A few minutes later, she called me back and said, “Hey, I forgot to tell you one thing: I’m glad you were born.”
Best Mother’s Day ever.
I haven’t had to endure a decision about how to respond to a diagnosis of cancer for myself. I have some strong convictions but it’s easy to have strong convictions when they are theoretical and have yet to be applied in the context of a real diagnosis. It is my position, though, that asking difficult, probing questions about whether aggressive medical interventions are valuable is an important exercise for patients and the people who love them.
A few years prior to her diagnosis of lung cancer, my mom and I spoke about our feelings and attitudes toward a terminal disease. Both of us felt that quality of life was more important than extension of life if extension netted only a few extra months of life tainted by the illness caused by the treatment of the disease. As a result of those conversations, mom had papers drawn up that gave to me power of attorney and a Do Not Resuscitate document that conveyed her desire for no resuscitative efforts to save her life. When she neared the end of her life, she made known her wishes that her life be allowed to end naturally with palliative care.

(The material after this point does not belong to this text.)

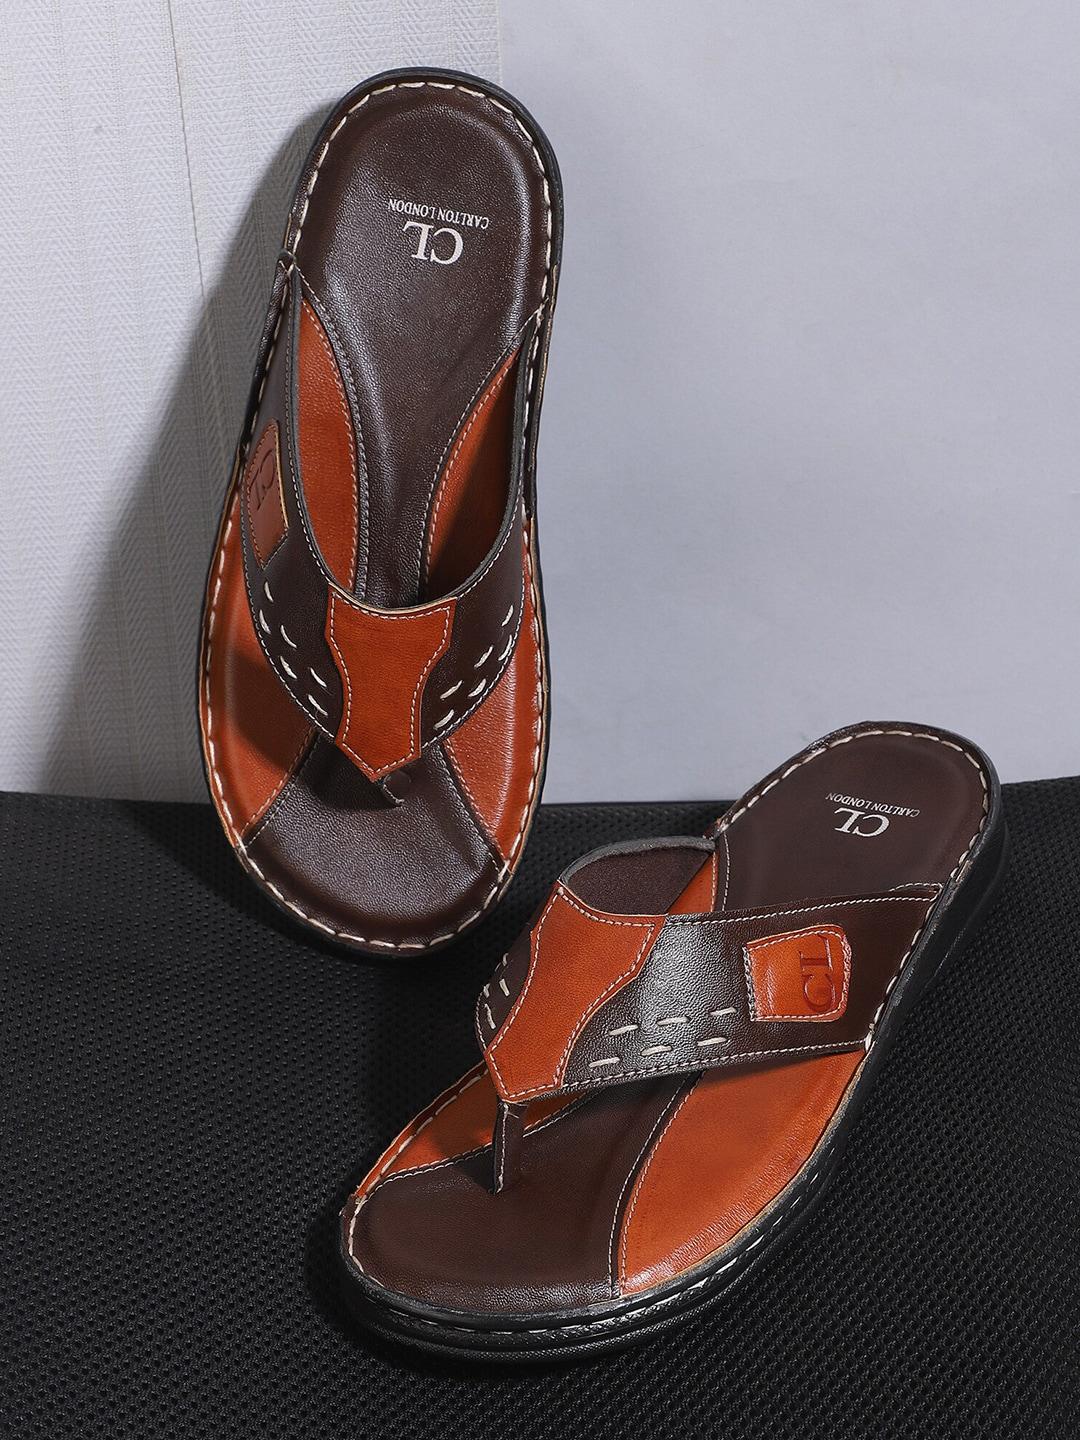 carlton-london-men-brown-&-tan-comfort-sandals

During those conversations, she challenged me several times with ambiguous scenarios that might make my decisions regarding her care tricky. Her values and convictions surfaced plainly to me: she wanted any remaining life she might have to be free from the degradation of any kind of aggressive treatments. If a disease were caught early, she was open to consider chemo and radiation. If not, she would rather live a few months with a high quality of life than extra months suffering not only from a terminal disease but from the treatments intended to deliver her from that disease.
We will all die of something and at some point, medical treatments ultimately become futile. The challenge, then, is to try to discern when a treatment is beneficial and when it vainly tries to postpone the inevitable end of us all. The answer lies somewhere between.
An important question to ask with any kind of diagnosis and recommended treatment is, “What if we do nothing?” Some cancer studies have found that people who refuse late-stage treatment can live longer than people who pursue chemotherapy. Some people undergo chemotherapy, beat cancer and live for several years. Some undergo chemo and have recurrences of cancer that eventually take their lives.
When my mom was diagnosed with stage three lung cancer, she was told she would live six months. She lived a bit over a year with no chemotherapy or radiation.
Of course, this is the trick isn’t it? What if she had undergone chemo? Maybe she would have lived 17 months or even longer? It is a profoundly personal decision based on probabilities, endurance, fear and hope. It is also a decision that affects the lives of family and friends. The intermingling of the needs and desires of many people can make decisions achingly difficult.
In the same month as her birthday, mom called me to tell me she had been diagnosed with lung cancer. Stage Three. She wasn’t going to do any chemotherapy though she might do radiation treatment.
For most of my adult years, I had always imagined that I would feel a sense of relief when I learned that my mom was either going to die or that she had died. This sounds like a terrible thing for a son to say about his mother but such was the condition of our relationship at the time.
When she said that she had cancer, I did feel a flash of relief. I’m not sure I felt it because I had trained myself to expect to feel it or because it was a genuine feeling. It was probably both. At the same time, I also thought, “Oh, shit,” because I wasn’t sure how the remaining months of her life would play out between us.
My first trip back to Michigan a couple months later changed all that. But several months after her death, I struggled with a conflicting feeling that maybe it would have been easier for me if our relationship hadn’t improved over those last months of her life.